Development and Validation of a Stability-Indicating High-Performance Liquid Chromatography Method Coupled With a Diode Array Detector for Quantifying Haloperidol in Oral Solution Using the Analytical Quality-by-Design Approach

Abstract

This study developed a stability-indicating HPLC-DAD method for quantifying haloperidol in oral solution using analytical quality-by-design principles. Haloperidol stability was tested under acidic, alkaline, oxidative, and photolytic stress conditions. The analytical quality-by-design approach began by defining the analytical target profile and identifying critical material attributes and critical method parameters via risk analysis. Factorial and Box–Behnken designs, conducted in Design Expert 13, were used to select critical method parameters and determine the method operable design region. The oral solution degraded significantly under acidic and alkaline conditions.

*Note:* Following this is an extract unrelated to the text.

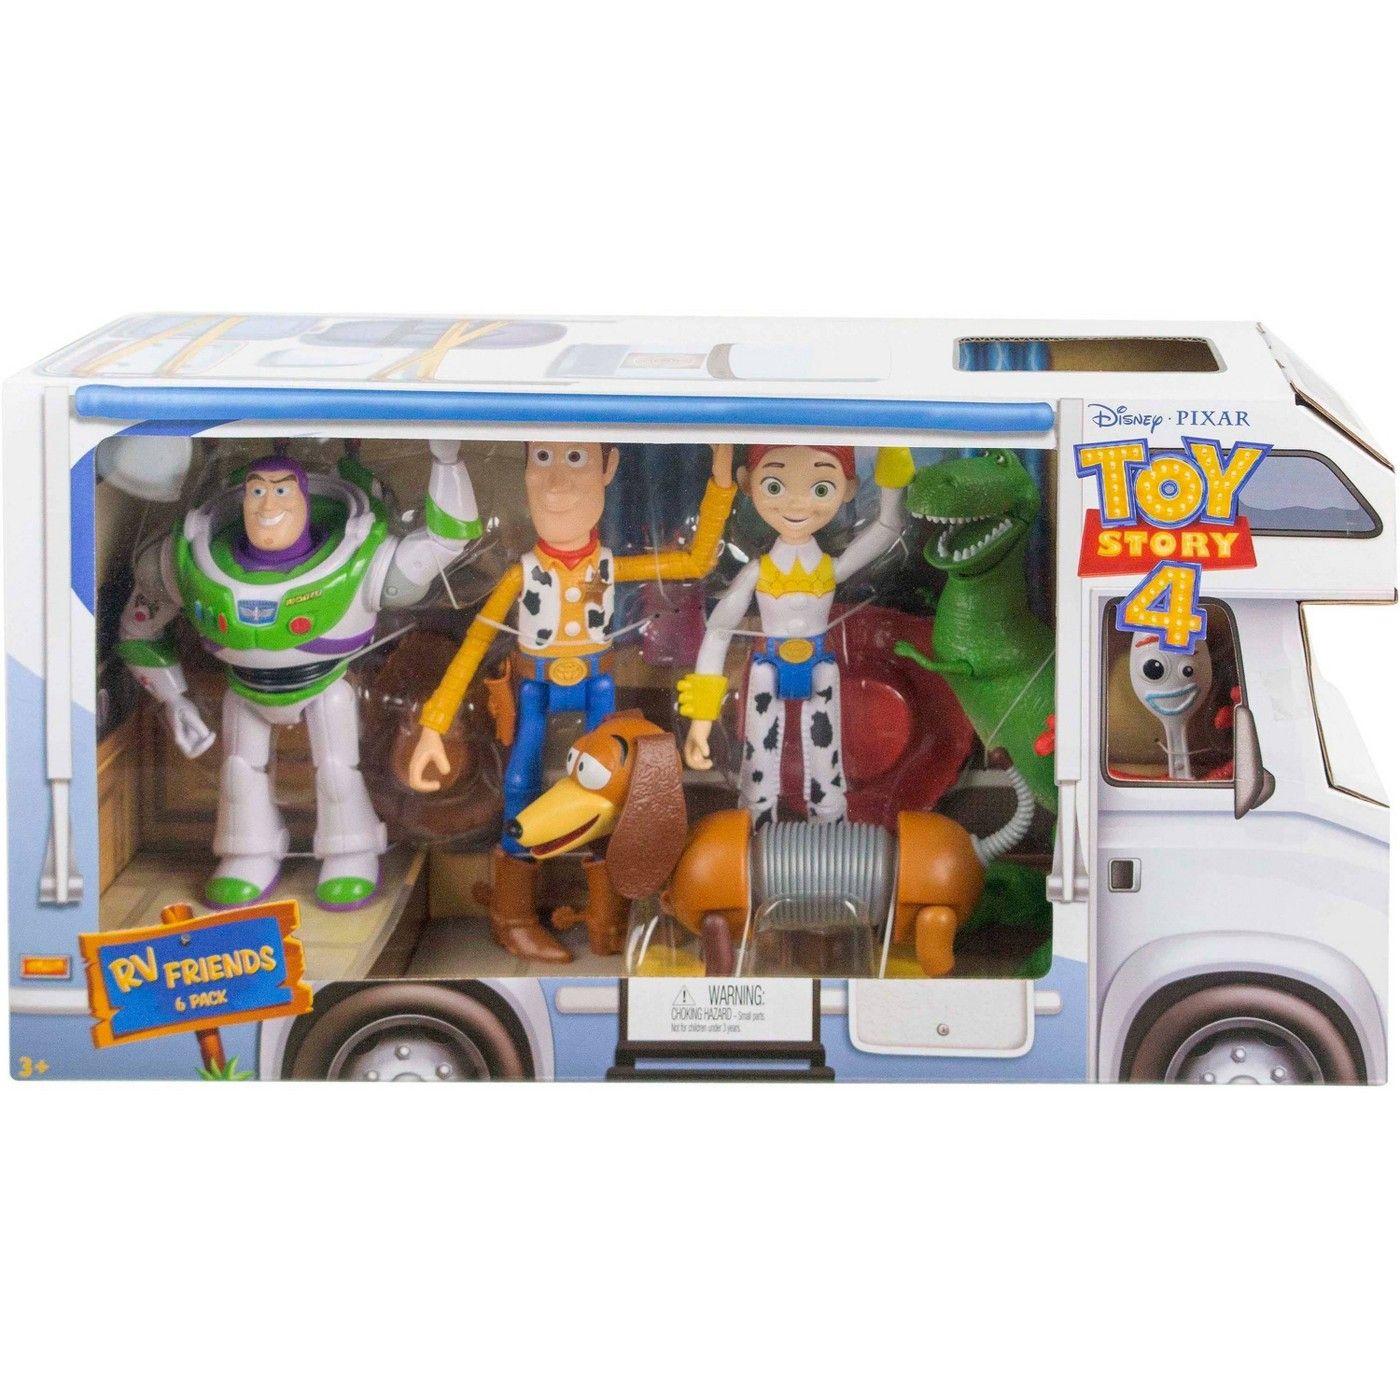 Disney Pixar Toy Story Rv Friends 6pk Figures Disney Pixar Pixar Toys Toy Story

Continuous critical method parameters such as mobile phase flow rate, gradient slope, column temperature, and pH were optimized. A quadratic Box–Behnken design with critical method attributes was applied and validated, resulting in robust regression models with significant p-values (> 0.05), absence of lack-of-fit (p-values < 0.05), and R²-adjusted > 0.85. The method proved selective, accurate, and precise within the method operable design range. Normal operating conditions (NOCs) were established using a Waters Symmetry C18 column with a 100-mM formate buffer (pH 3.8) and acetonitrile, with a gradient profile and detection at 246 nm. The operational region included flow rates between 1.2 and 1.35 mL/min (NOC = 1.3 mL/min), temperatures of 8°C–20°C (NOC = 15°C), and mobile phase pH variations from 3.3 to 4.3 (NOC = 3.8). The analytical quality-by-design–based method was robust and effective for stability monitoring, reducing subjectivity while maximizing reliability.